:: DATA SECTION

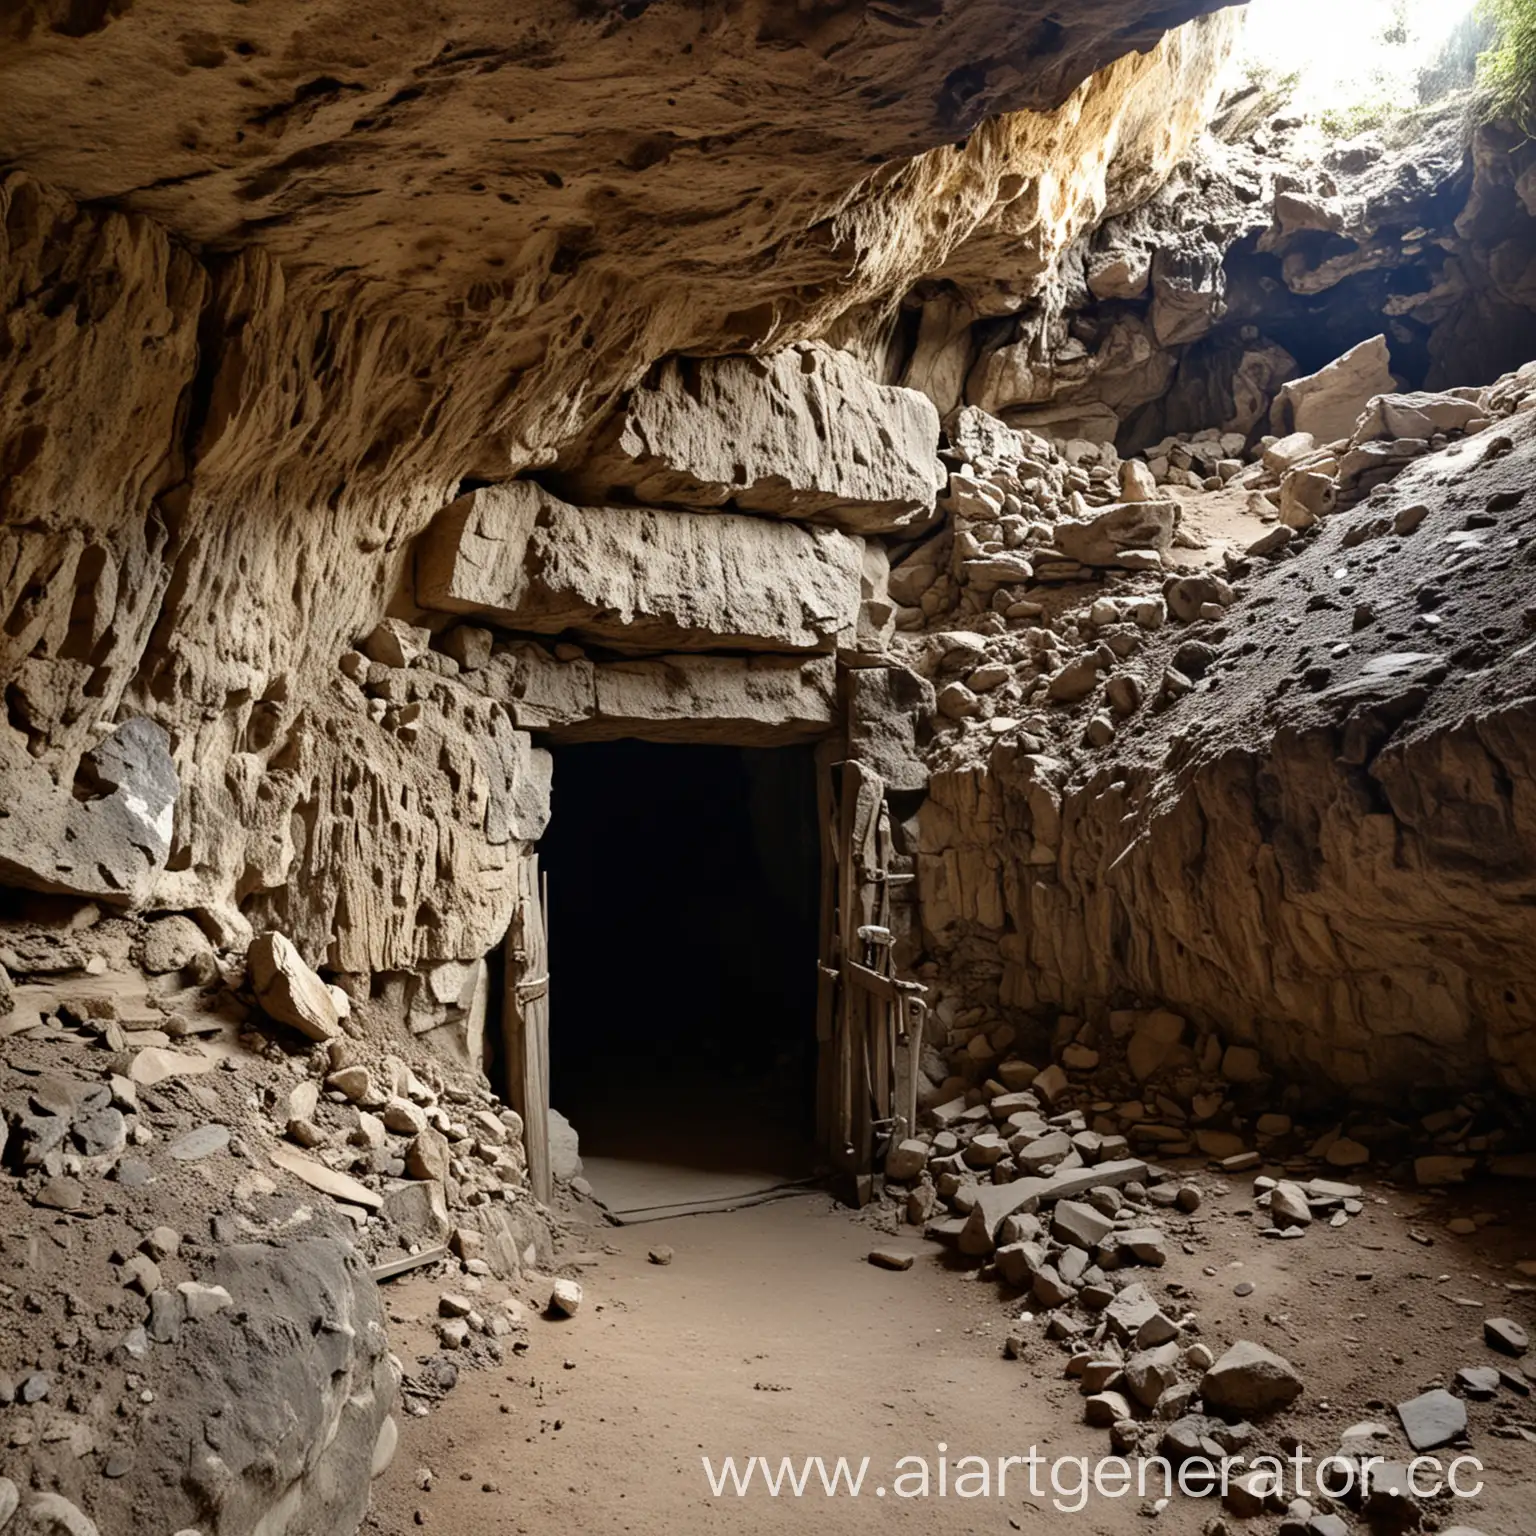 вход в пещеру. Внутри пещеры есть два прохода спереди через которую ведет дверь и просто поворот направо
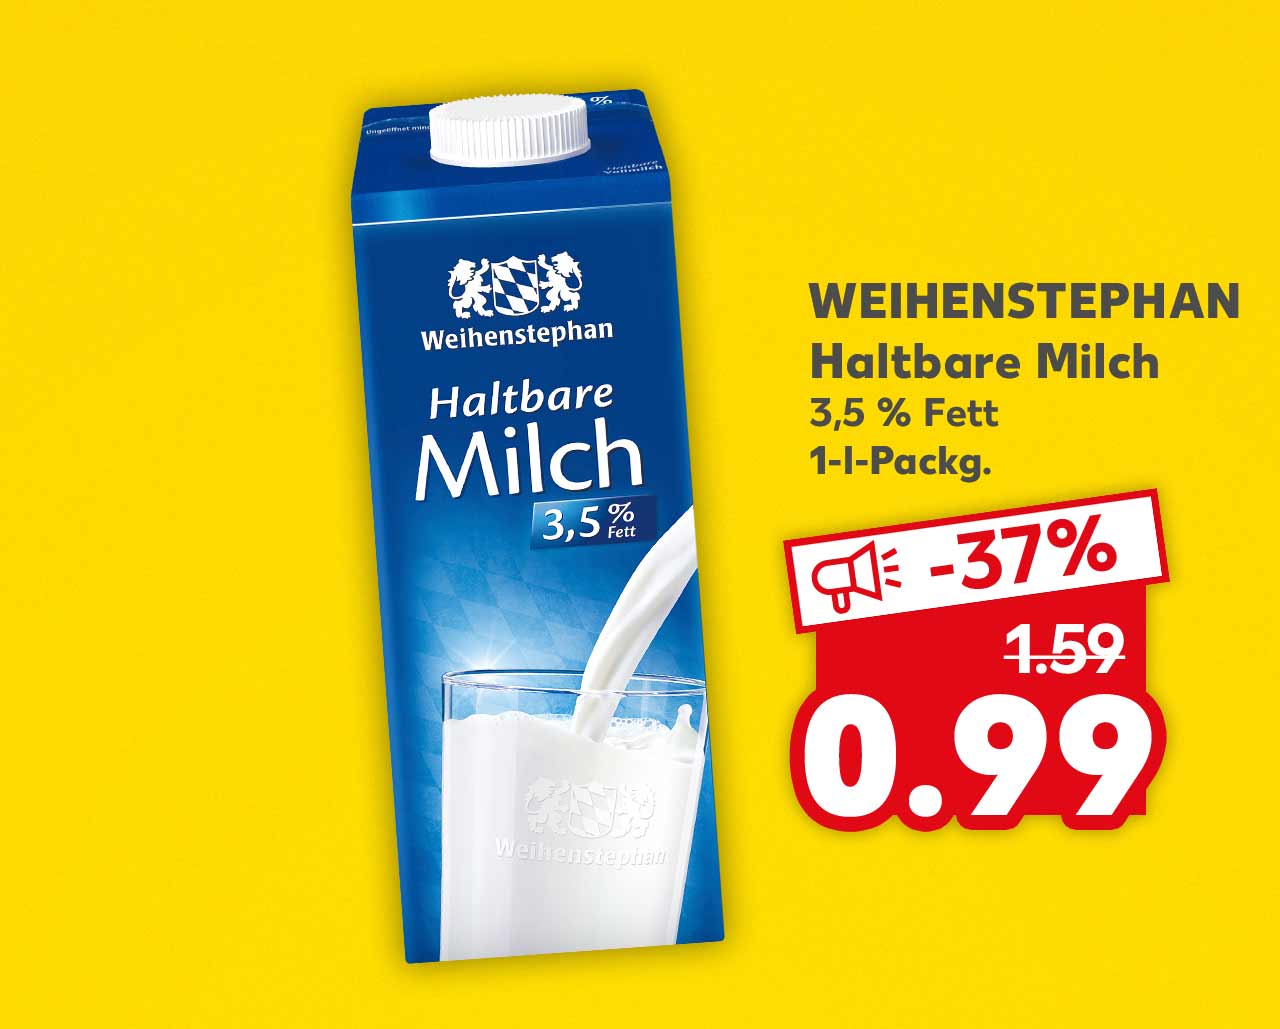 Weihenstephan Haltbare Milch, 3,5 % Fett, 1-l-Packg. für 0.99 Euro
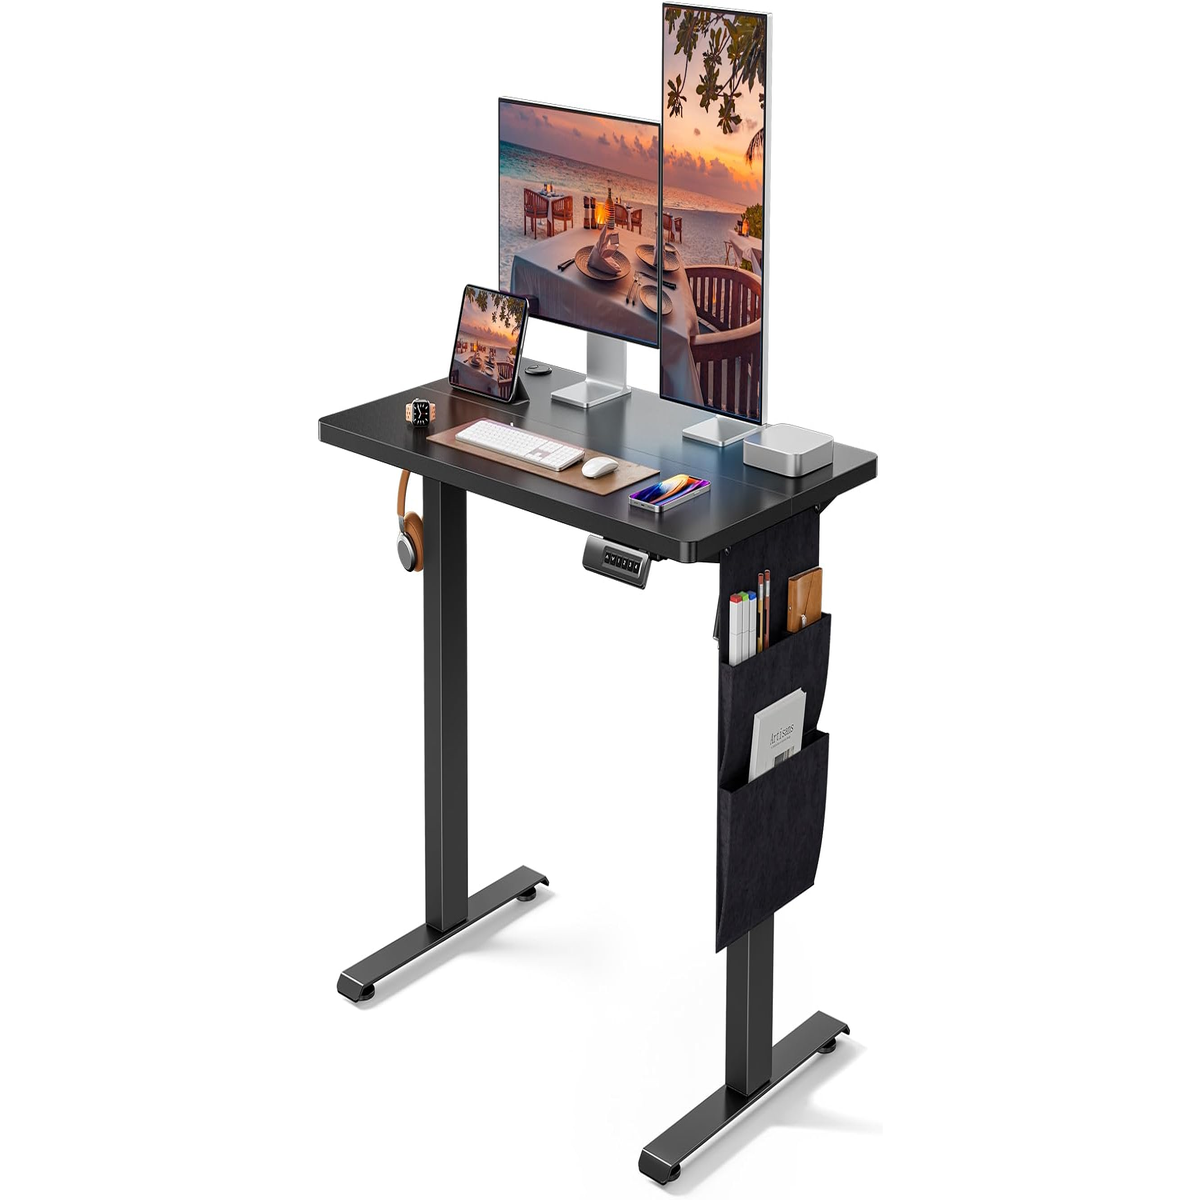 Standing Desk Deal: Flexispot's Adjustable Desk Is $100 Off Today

::::

TO DO: Pictures aside, repeat every line of the data above exactly.

EXERCISE OUTPUT:
 вход в пещеру. Внутри пещеры есть два прохода спереди через которую ведет дверь и просто поворот направо
 Weihenstephan Haltbare Milch, 3,5 % Fett, 1-l-Packg. für 0.99 Euro
 Standing Desk Deal: Flexispot's Adjustable Desk Is $100 Off Today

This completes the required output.